Gaining insight on how to make a specific diagnosis
Inherited retinal diseases (IRDs) are not a simple group to learn. It’s not that the pathology is inherently more difficult than any other. Instead, making a specific diagnosis can take so long that, as residents, by the time the diagnosis has been made for that one interesting case during your residency’s retina rotation, most residents have already moved on to a new rotation. This, along with the phenotypic heterogeneity make mastering this subfield of retinal disease especially challenging.
The “Atlas of Inherited Retinal Diseases” (Springer), edited by Stephen H. Tsang and Tarun Sharma might deliver some insight. It “provides a thorough overview of various inherited retinal dystrophies with emphasis on phenotype characteristics and how they relate to the most frequently encountered genes”.
This 260-page book is a true atlas and, as with other retina atlases, images are the primary focus. Particularly striking are the fundus autofluorescence images, which are crucial to diagnosis and follow-up. The clear depictions and analysis of the OCT images are also crucial, as this is the most commonly used retinal imaging modality and the most likely way that these retinal abnormalities will first be detected.
Comprised of eight sections, it opens with an overview of basic principles of the imaging modalities used to manage patients with IRDs. Sections 2, 3 and 4 categorises the diseases based on their inheritance pattern (X-linked, autosomal dominant and autosomal recessive, respectively), while section 5 is dedicated to those IRDs associated with systemic manifestations. Section 6 illustrates the genetic phakomatoses and section 7 describes IRDs with no known underlying genetic mutations. Section 8 offers a practical approach to IRDs for the clinician, the genetic testing and its interpretation.
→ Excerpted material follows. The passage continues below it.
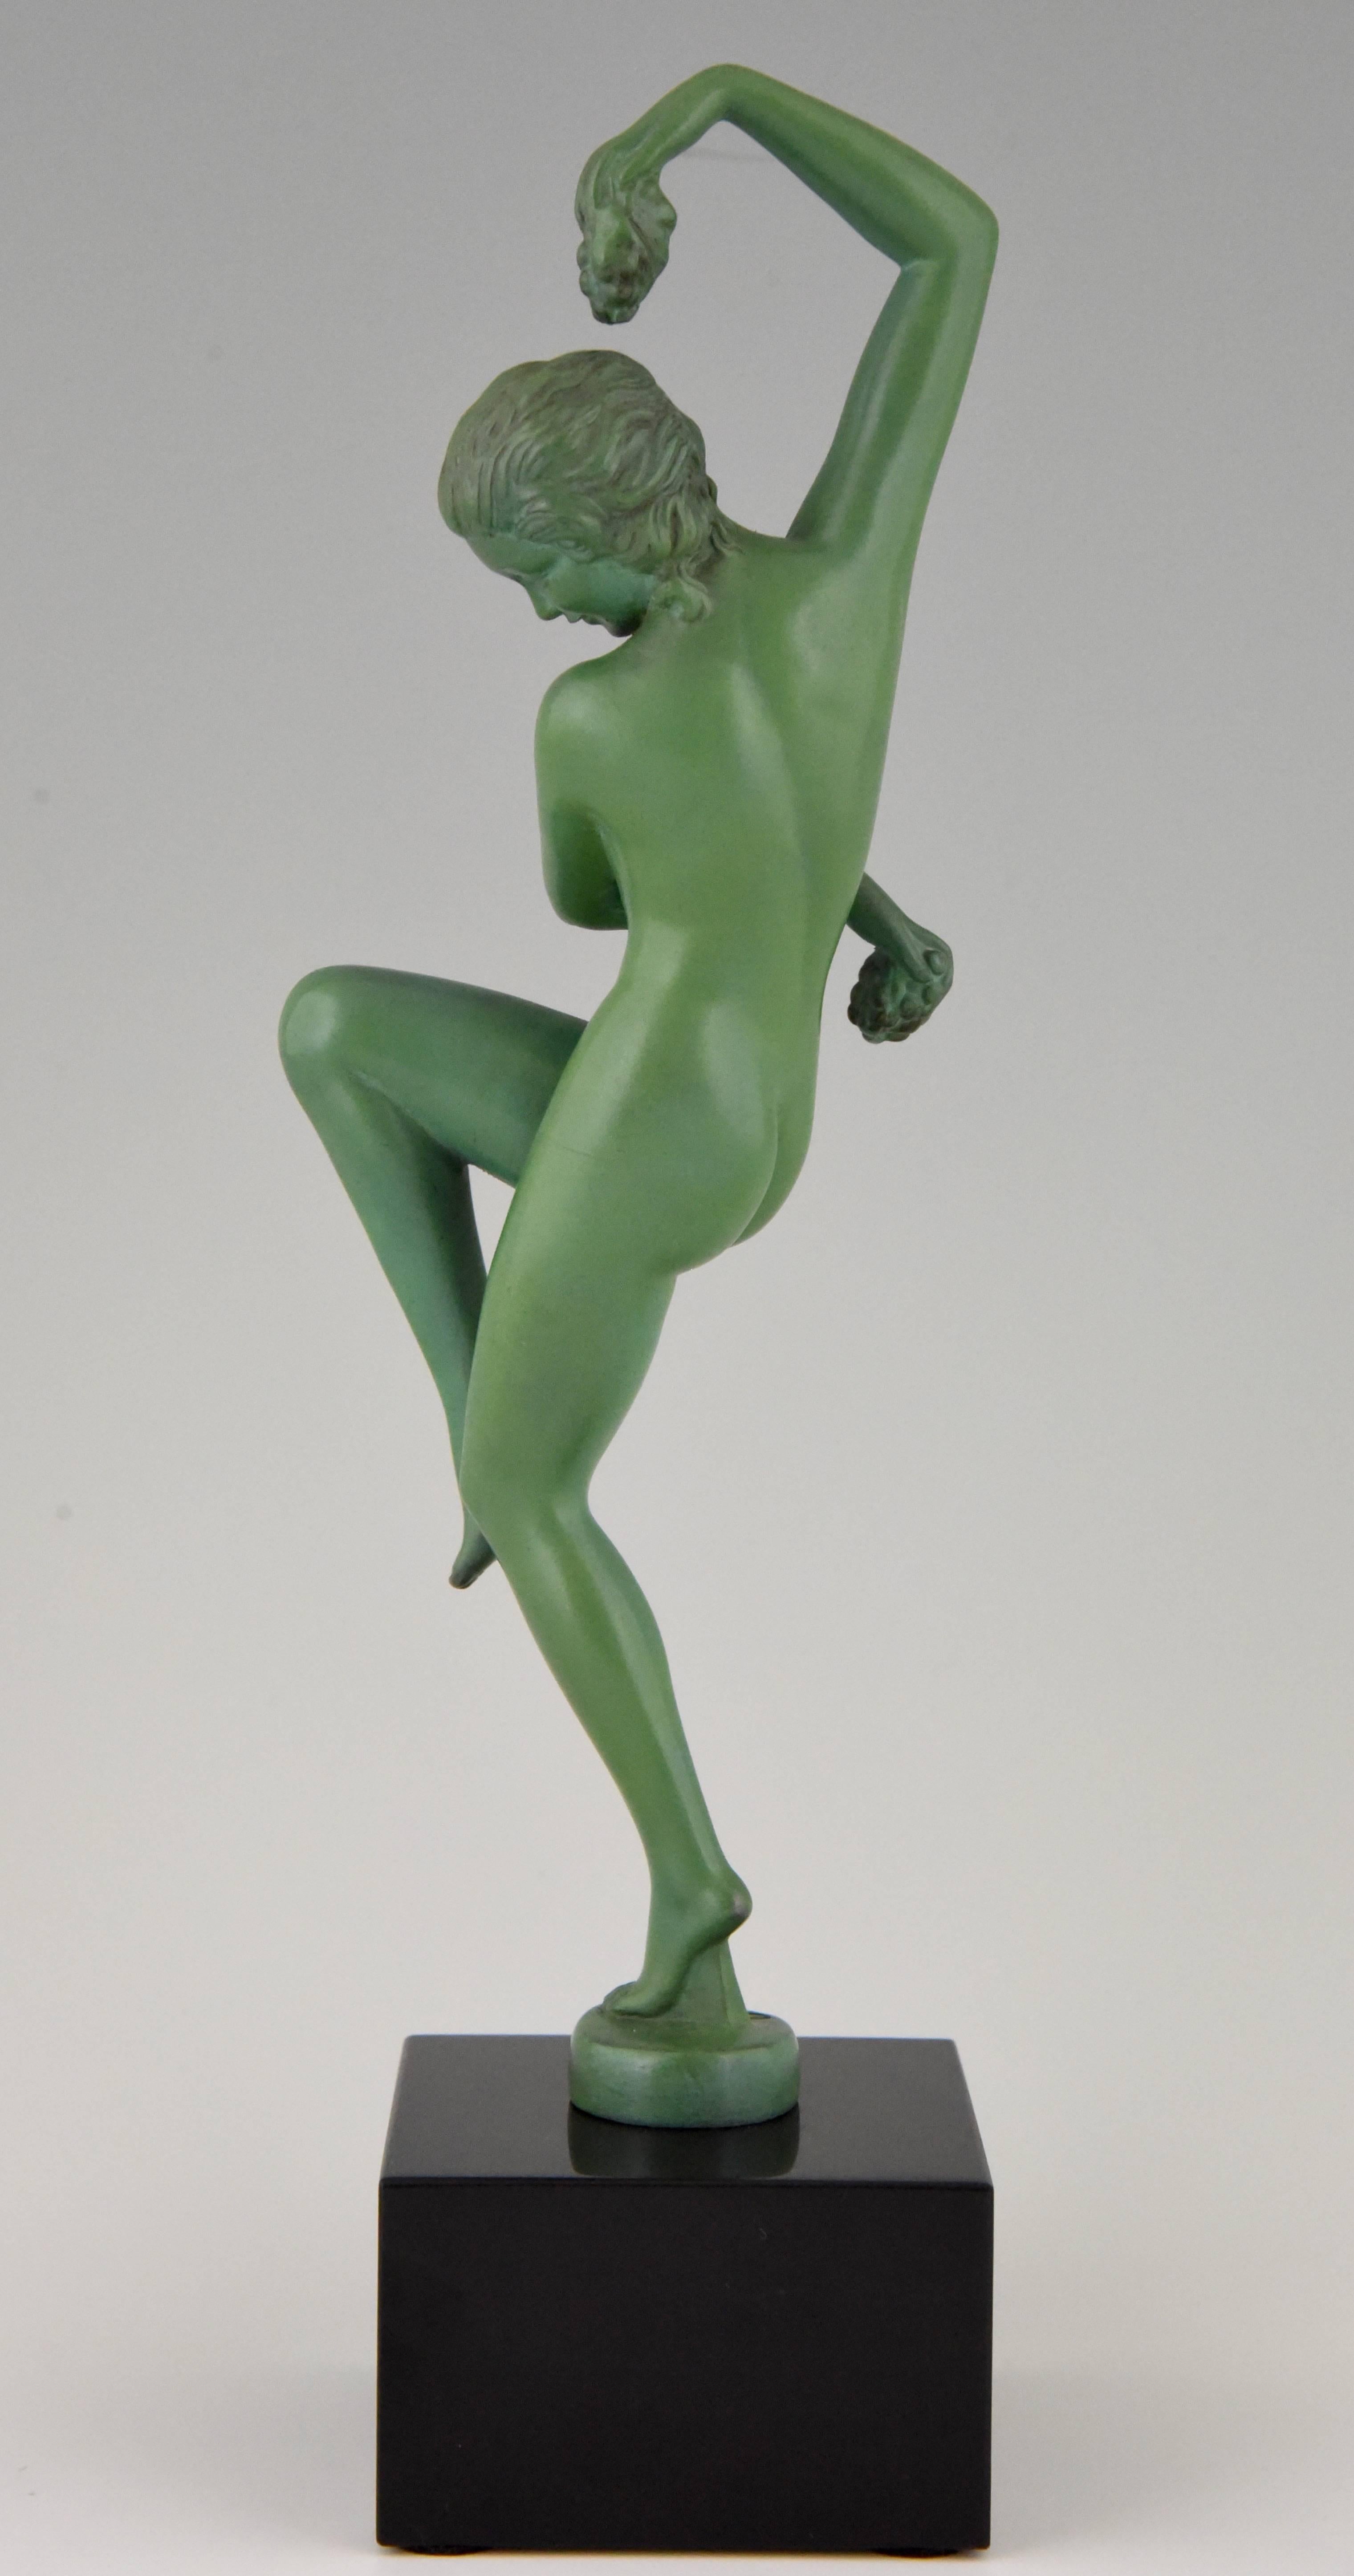 20th Century Art Deco Sculpture of a Nude Dancer with Grapes Denis, France, 1930

This atlas is intended for ambitious residents, retina fellows and retina specialists who are tasked with managing patients with IRDs. PhD students and researchers will also benefit from this text, as they might otherwise rarely encounter the phenotypes of the genes they work on.
With its highly organised structure and clear overview of rarer retinal disease, it can also help the ready study for large examinations.